Surgical Management:
Surgical intervention is not a primary treatment for HSP or its nephritis
However, surgical management might be considered for complications such as intussusception, which can occur in HSP and may require reduction or resection.
Supportive Care:
Supportive care includes pain management for arthralgias, monitoring of fluid balance and blood pressure, dietary modifications (e.g., salt restriction if hypertensive), and education for parents regarding the disease course and follow-up
Close monitoring of urine output and signs of edema is vital.
Complications
Early Complications:
Early complications can include severe abdominal pain leading to intussusception or intestinal perforation, testicular torsion (in boys), pancreatitis, and acute kidney injury (AKI) from severe glomerulonephritis
Hemorrhagic complications can occur, although typically mild.
Late Complications:
The most significant late complication is the development of chronic kidney disease (CKD) or end-stage renal disease (ESRD)
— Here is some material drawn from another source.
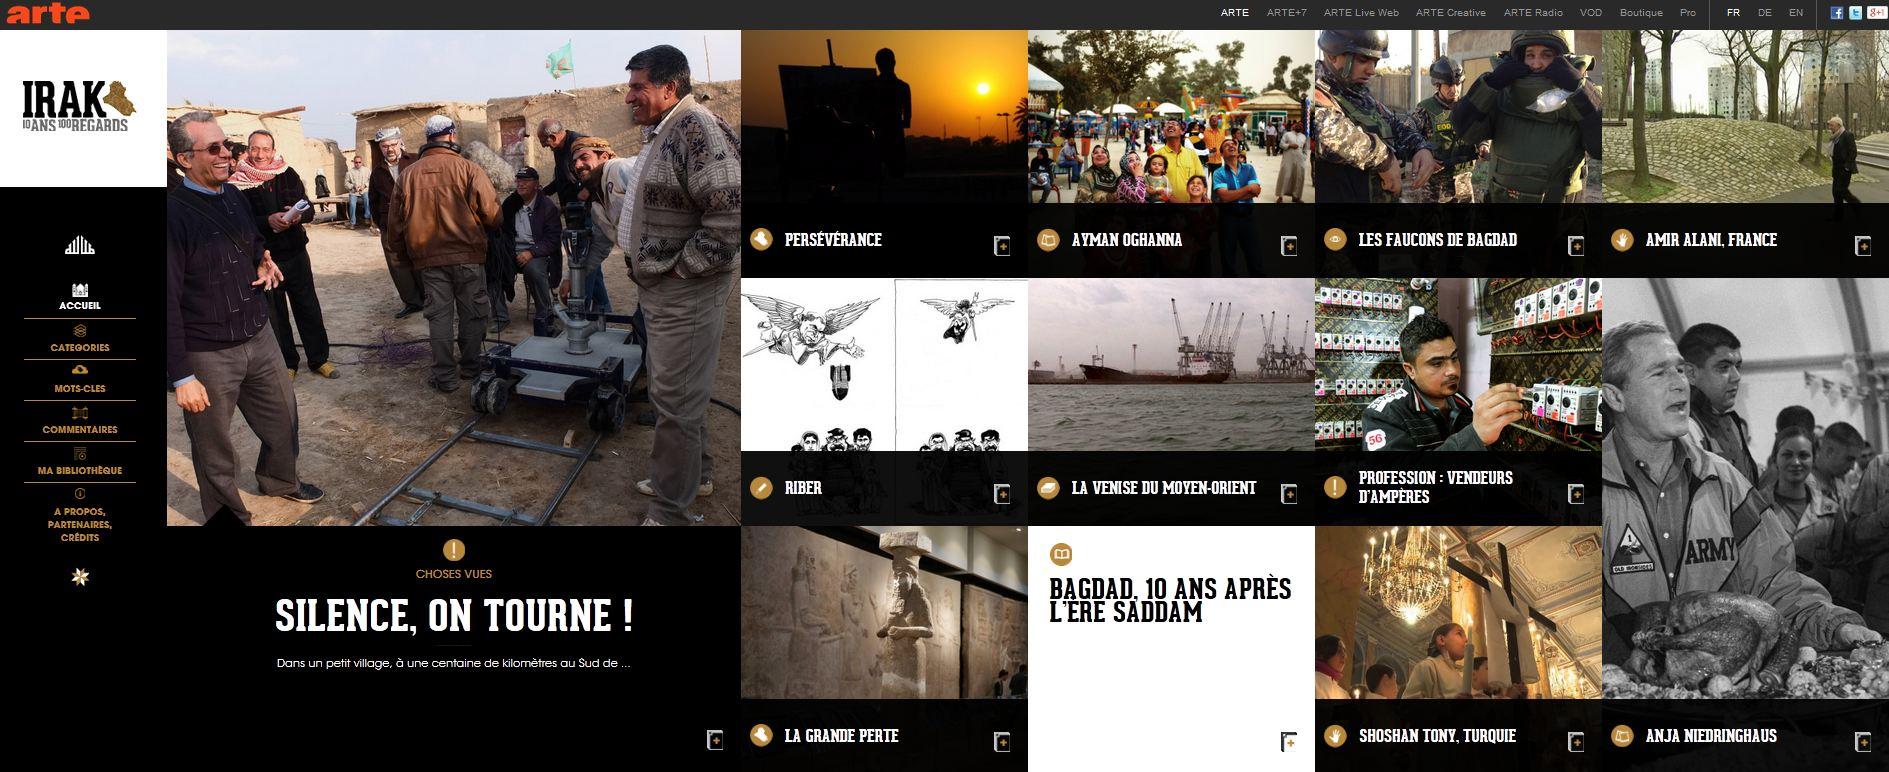 Le webdocumentaire « Irak, 2003-2013 – 10 ans, 100 regards » nommé aux Webby Awards 2014

Hypertension and persistent proteinuria are indicators of a poorer prognosis
Recurrence of HSP is possible, though usually less severe
Long-term sequelae can include glomerulosclerosis, interstitial fibrosis, and crescent formation on renal biopsy.
Prevention Strategies:
While the primary vasculitic process cannot be prevented, early recognition and aggressive management of significant renal involvement are key to preventing progression to CKD
Adherence to prescribed medications and regular follow-up are crucial
Prompt treatment of hypertension and proteinuria with ACE inhibitors/ARBs may help preserve renal function.
Prognosis
Factors Affecting Prognosis:
Prognostic factors for renal involvement include the severity of nephritis at presentation (proteinuria >1 g/day, presence of renal insufficiency, hypertension), histological findings on renal biopsy (e.g., diffuse proliferative or crescentic glomerulonephritis), and promptness and adequacy of treatment
Children presenting with only microscopic hematuria and proteinuria have an excellent prognosis.
Outcomes:
Approximately 80-90% of children with HSP nephritis recover completely without long-term renal sequelae
About 10-20% may develop some degree of chronic kidney disease, and a smaller proportion (<5%) progress to end-stage renal disease requiring dialysis or transplantation
Long-term follow-up is essential for all children with renal involvement.
Follow Up:
Children with confirmed renal involvement in HSP require prolonged follow-up, typically for at least 2-5 years, or until urinalysis and renal function normalize
This includes regular monitoring of blood pressure, urine protein (UPCR/UACR), and serum creatinine
Periodic reassessment of renal function is recommended even after apparent recovery, as some patients may develop late-onset CKD.
Key Points
Exam Focus:
HSP nephritis is IgA-mediated
Key diagnostic triad: palpable purpura, arthralgia, abdominal pain
Renal involvement is common (20-60%) and the main cause of morbidity
Urinalysis is critical: hematuria, proteinuria, RBC casts
Renal biopsy essential for severe nephritis (UPCR > 100 mg/mmol, AKI, hypertension)
Management depends on nephritis severity: supportive, corticosteroids, ACEi/ARBs
Poor prognostic factors: severe proteinuria, AKI, hypertension, diffuse proliferative/crescentic GN on biopsy.
Clinical Pearls:
Always check urinalysis in children with suspected HSP, even if asymptomatic
Don't forget to measure blood pressure
hypertension is a red flag for renal involvement
ACE inhibitors/ARBs are nephroprotective for significant proteinuria/hypertension
Consider surgical causes for abdominal pain in HSP (intussusception, perforation) but remember it's a complication, not a treatment
Renal biopsy findings guide prognosis and treatment intensity.
Common Mistakes:
Underestimating the significance of mild renal findings
Delaying or undertreating significant nephritis
Forgetting to measure blood pressure
Not performing renal biopsy when indicated for prognostication
Failing to initiate ACE inhibitors/ARBs in proteinuric or hypertensive patients
Inadequate long-term follow-up for patients with renal involvement.